WHAT TO DO :: Nothing but the pictures may be dropped; the rest of the listing is to be written out exactly.

PROVIDED MATERIAL ::
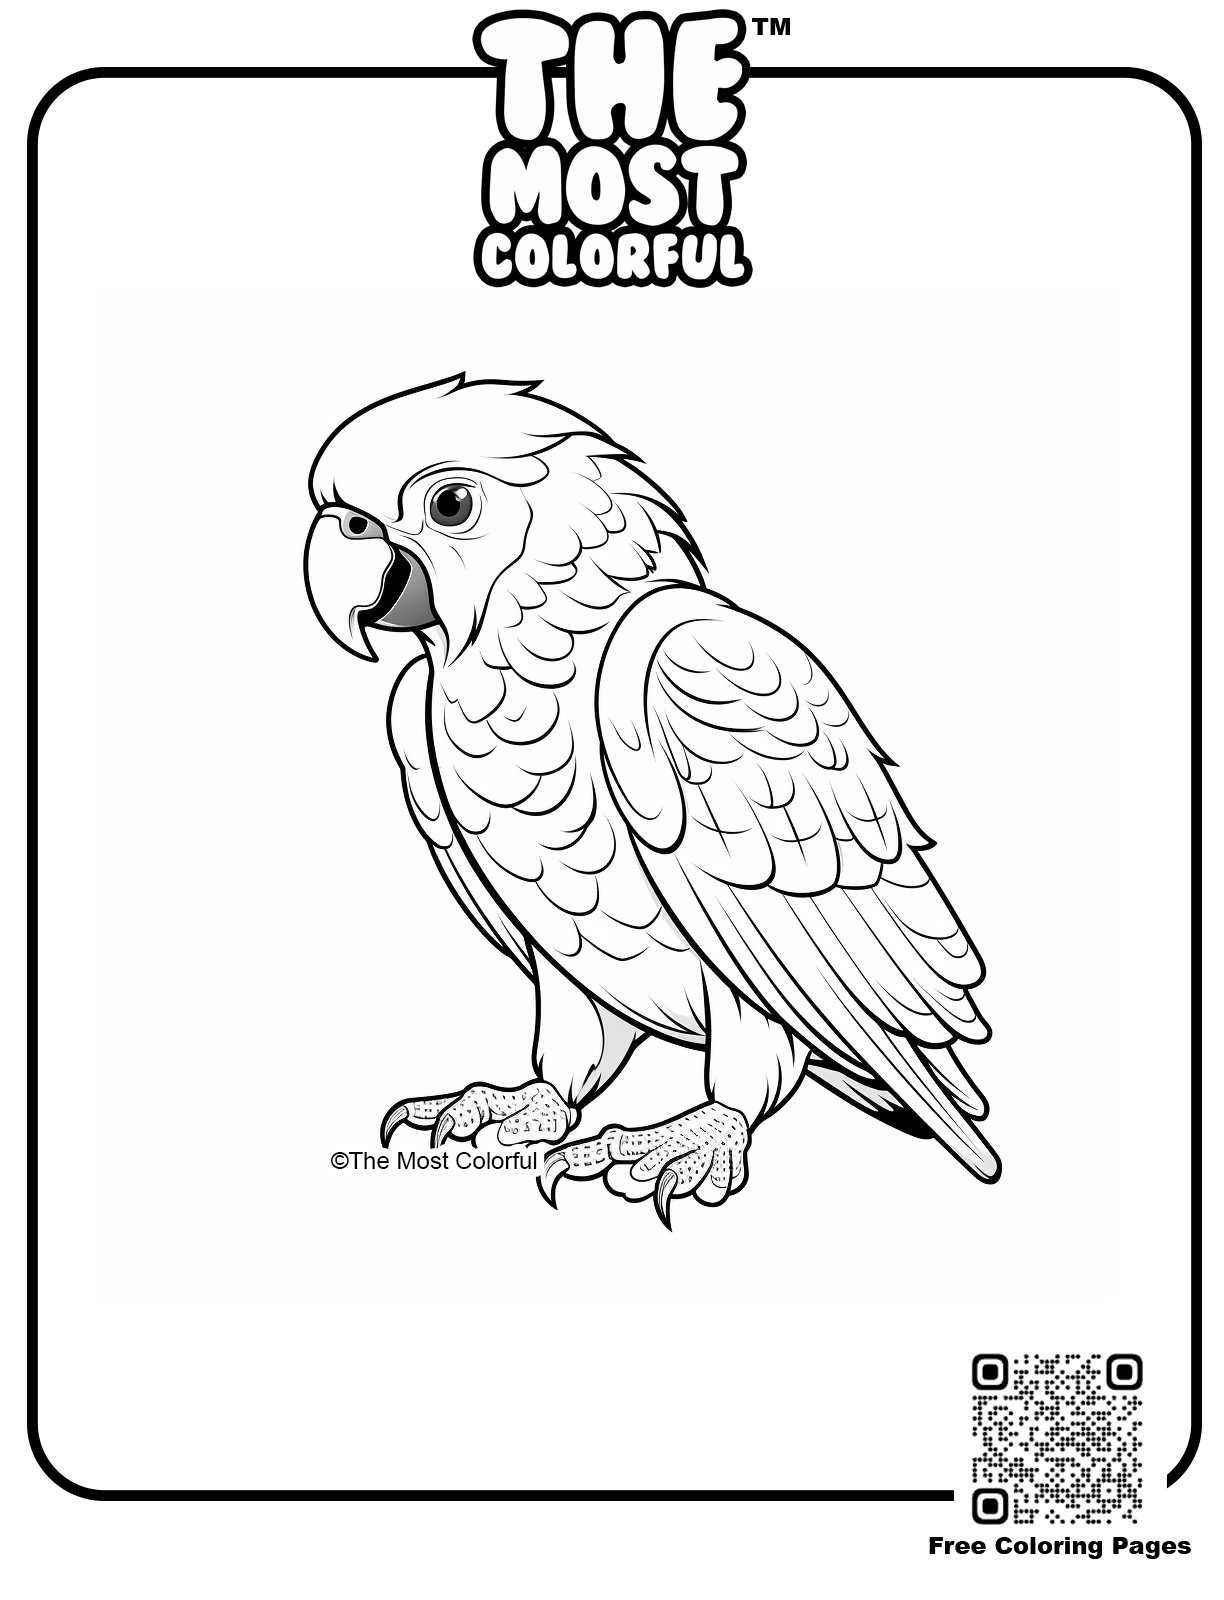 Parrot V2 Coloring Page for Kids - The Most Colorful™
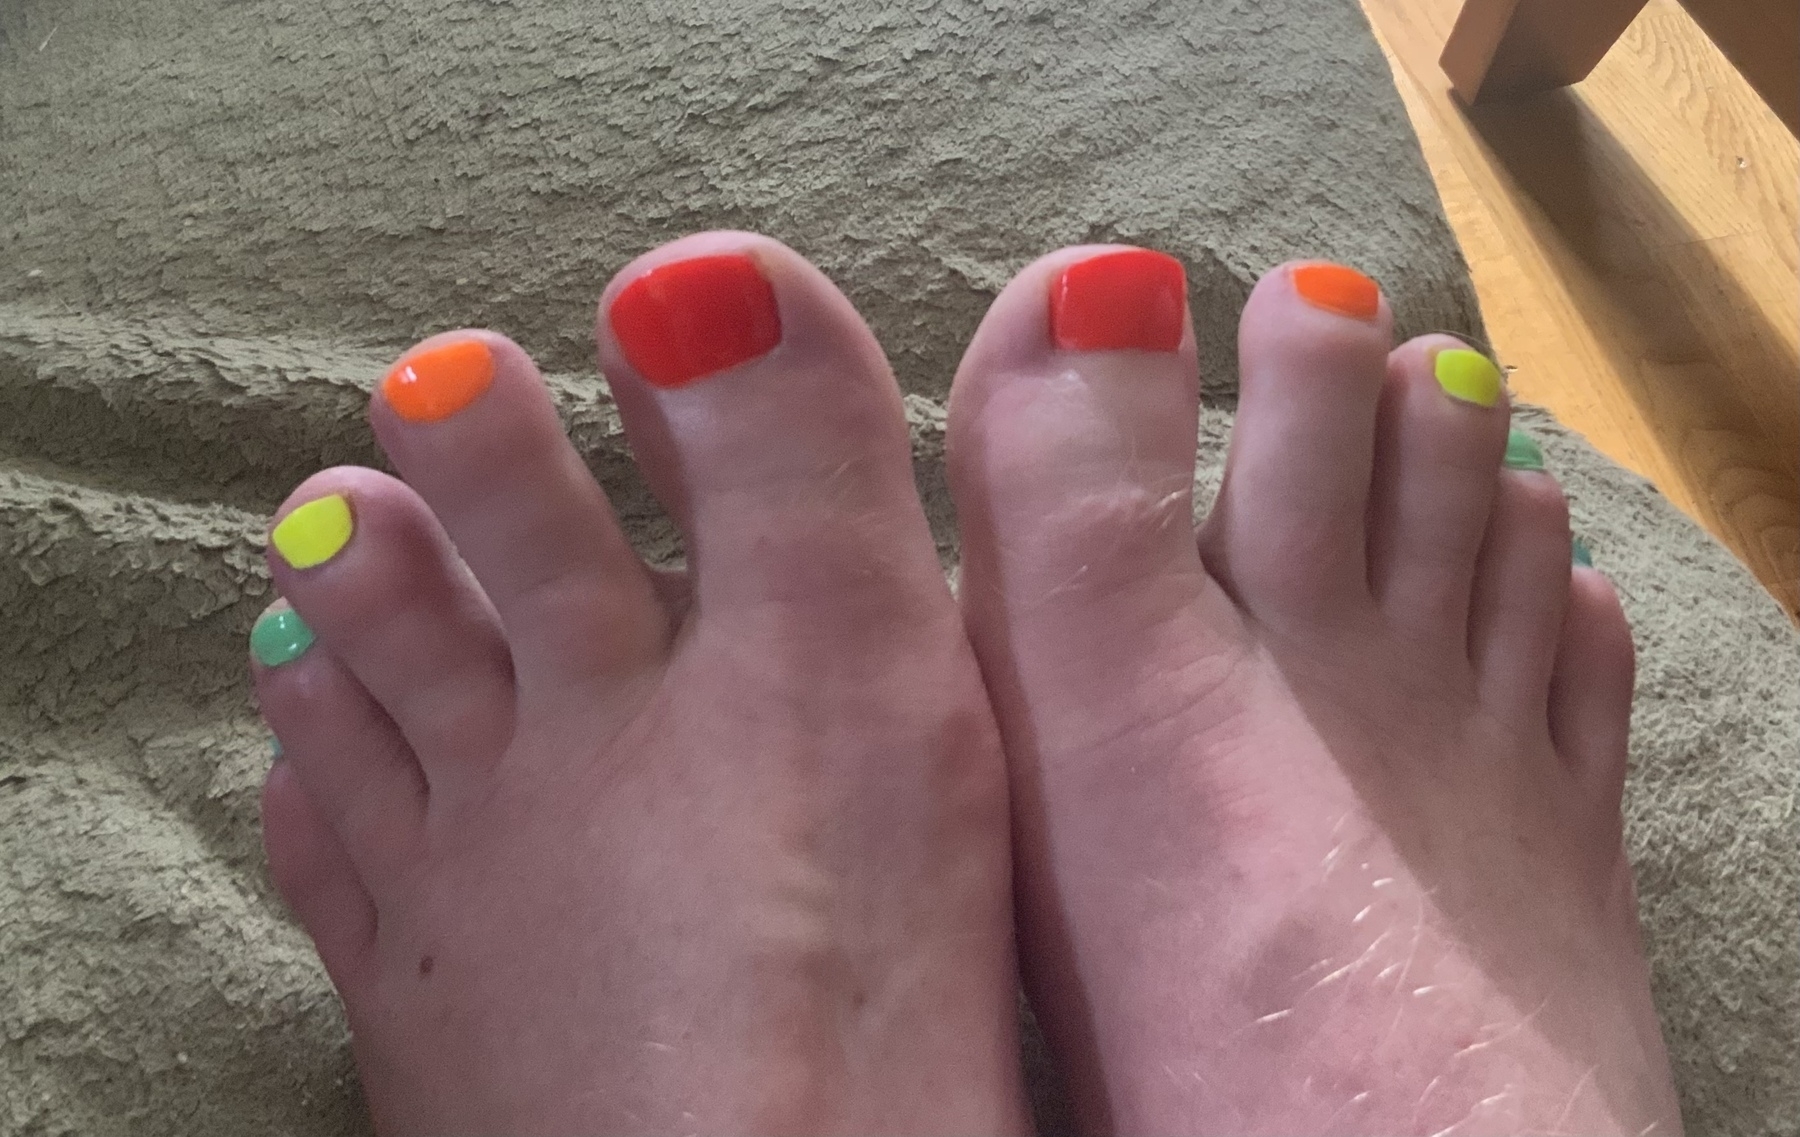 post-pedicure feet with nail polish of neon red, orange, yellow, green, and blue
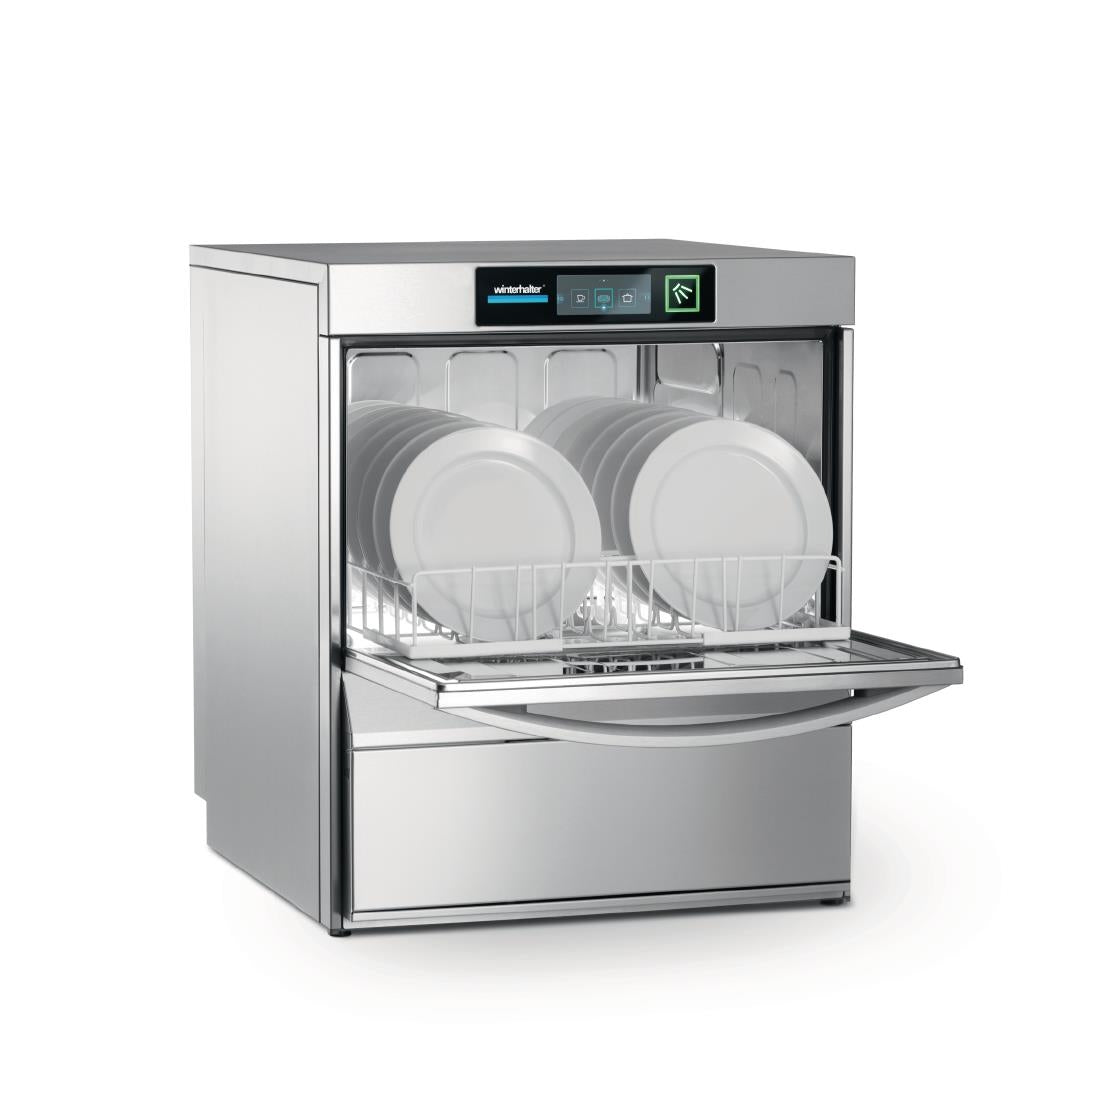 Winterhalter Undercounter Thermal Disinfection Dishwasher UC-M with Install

EXERCISE OUTPUT ::
 Parrot V2 Coloring Page for Kids - The Most Colorful™
 post-pedicure feet with nail polish of neon red, orange, yellow, green, and blue
 Winterhalter Undercounter Thermal Disinfection Dishwasher UC-M with Install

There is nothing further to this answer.